На островах ГУЛАГа. Воспоминания заключенной, стр. 70

Помню чудесную санитарку в «Платоне» – пожилую женщину с фабрики «Одни больные поправлялись, другие умирали, и жизнь шла своим чередом…». «Вот, совсем, как у нас», – добавляла она тихонько.

…Отлична была «нахальная, напористая» Вера Газгольдер в «Дороге цветов», которую играла бывшая «левая» жена Каменева.

Кокетливую и беспардонную Коринкину в «Без вины виноватых» играла малограмотная уркаганка, всю роль запоминавшая «по слуху», но запоминавшая быстро и игравшая с таким удовольствием и искренностью, что на сцене была подлинной Коринкиной!

Ставили мы и «Таню» Арбузова; сентиментальная, в манере соцреализма пьеса – а сколько счастливых минут она доставила!

Таню играла скромная эстоночка Фрида, долго уверявшая, что ничего у нее не выйдет, а затем до самозабвения полюбившая сцену. После 12 часов за мотором на конвейере она, кажется, столько же была готова репетировать. Может быть, и неумела была ее игра, но столько искренности и непосредственности было в ней, столько изящества и скромности в движениях! Немудрено, что наш эмоциональный зал неизменно разражался слезами…

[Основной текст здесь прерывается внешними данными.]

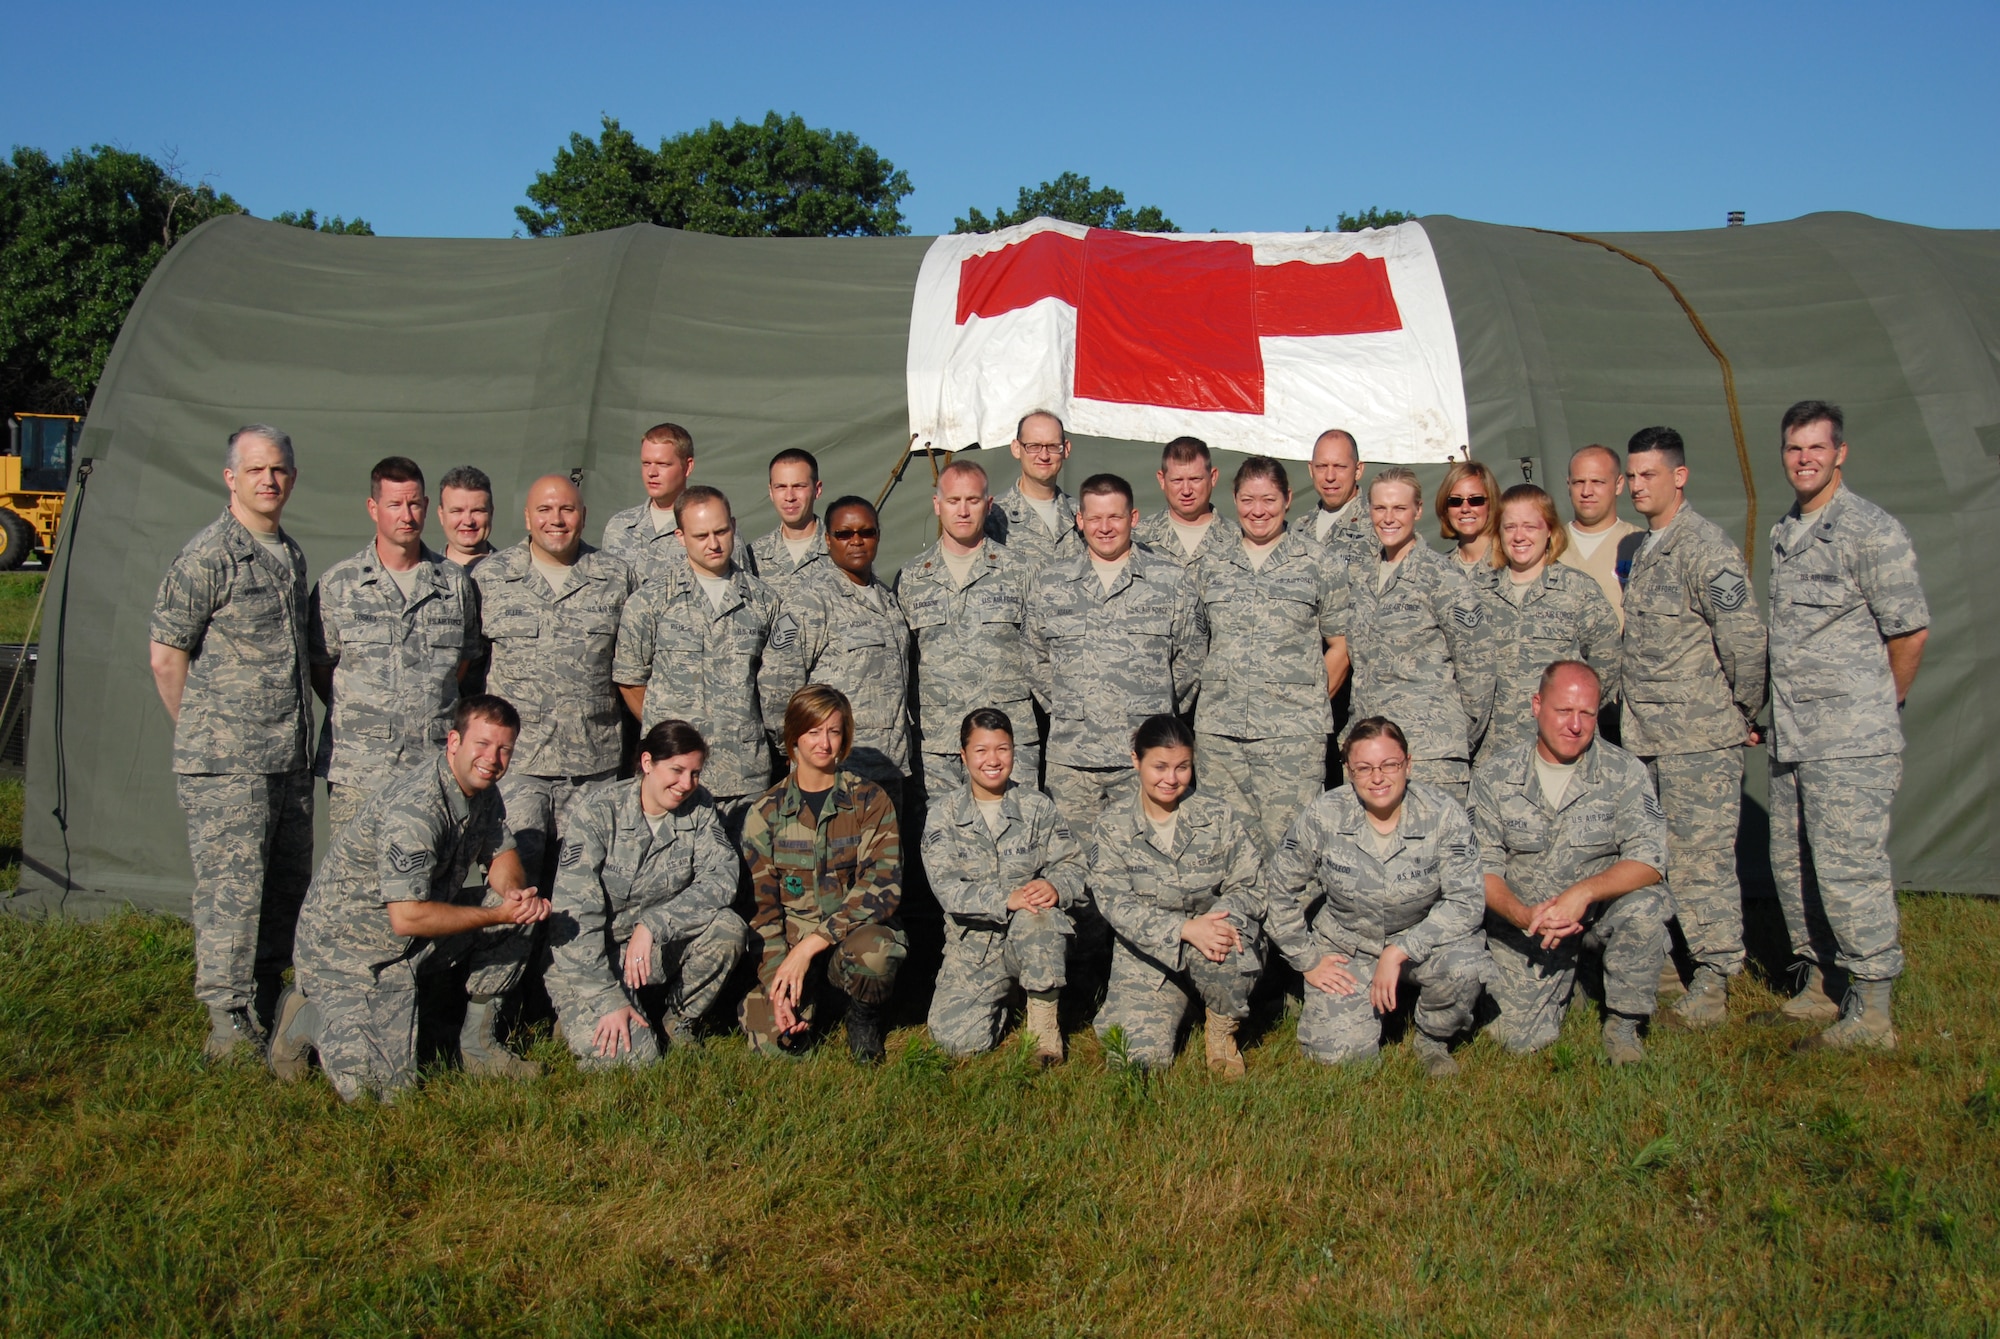 Members of the 178th Medical Group, Springfield, Ohio, participate in the domestic operations portion of the 2011 Patriot Exercise July 13 at Volk Field Combat Readiness Training Center, Wis.  During the exercise, the 178 MDG is providing support for an Expeditionary Medical Support Basic, which is designed to facilitate surgical and primary medical care in a deployed environment. (U.S. Air Force photo by Senior Airman Amy N. Adducchio/Released)

Помню финал на премьере «Тани», когда весь зал, стоя и что-то восторженно крича, без конца аплодировал, а мы – актеры и постановщики – обнимались на сцене, целовались и чуть не плакали от счастья.

Разумеется, были и просто веселые спектакли: «Чужой ребенок», «Дорога цветов», даже отрывки из оперетты «Роз-Мари»! И, конечно же, чеховские «Предложение» и «Медведь».

Однако работа в театре не всегда доставляла одну радость. Были и огорчения – трудные поиски актеров, работа с ними, горькие переживания, когда что-то не складывалось…

Сложнее всего дело обстояло с мужчинами. Профессиональных актеров насчитывалось всего трое, любителей найти было трудно. Но все же понемногу потянулись в театр и мужчины. Появился среди нас старый мой знакомый по Пудожстрою – Михаил Александрович Соловов, бывший механик со «Штандарта».

Увы, нельзя сказать, чтобы он отличался актерским дарованием. И это странно – ведь в жизни он был прекрасным рассказчиком. А сцена – как гипноз – сразу сковывала и парализовывала его. Федор Васильевич не жалел времени, чтобы поработать с ним. К сожалению, результатов не было. Но даже неудачи, которые Михаил Александрович переживал с большим огорчением, особенно когда приходилось его «снимать с роли», не могли повлиять на его стремление жить театральной жизнью, делать для театра хоть что-нибудь, быть хотя бы осветителем или создателем всевозможных эффектов – «грома», «молнии» и тому подобного. И тут он был на высоте!

Он проявлял максимум изобретательности и со знанием дела эксплуатировал и обслуживал технику. В общем, оказался весьма полезным и нужным членом нашего театра!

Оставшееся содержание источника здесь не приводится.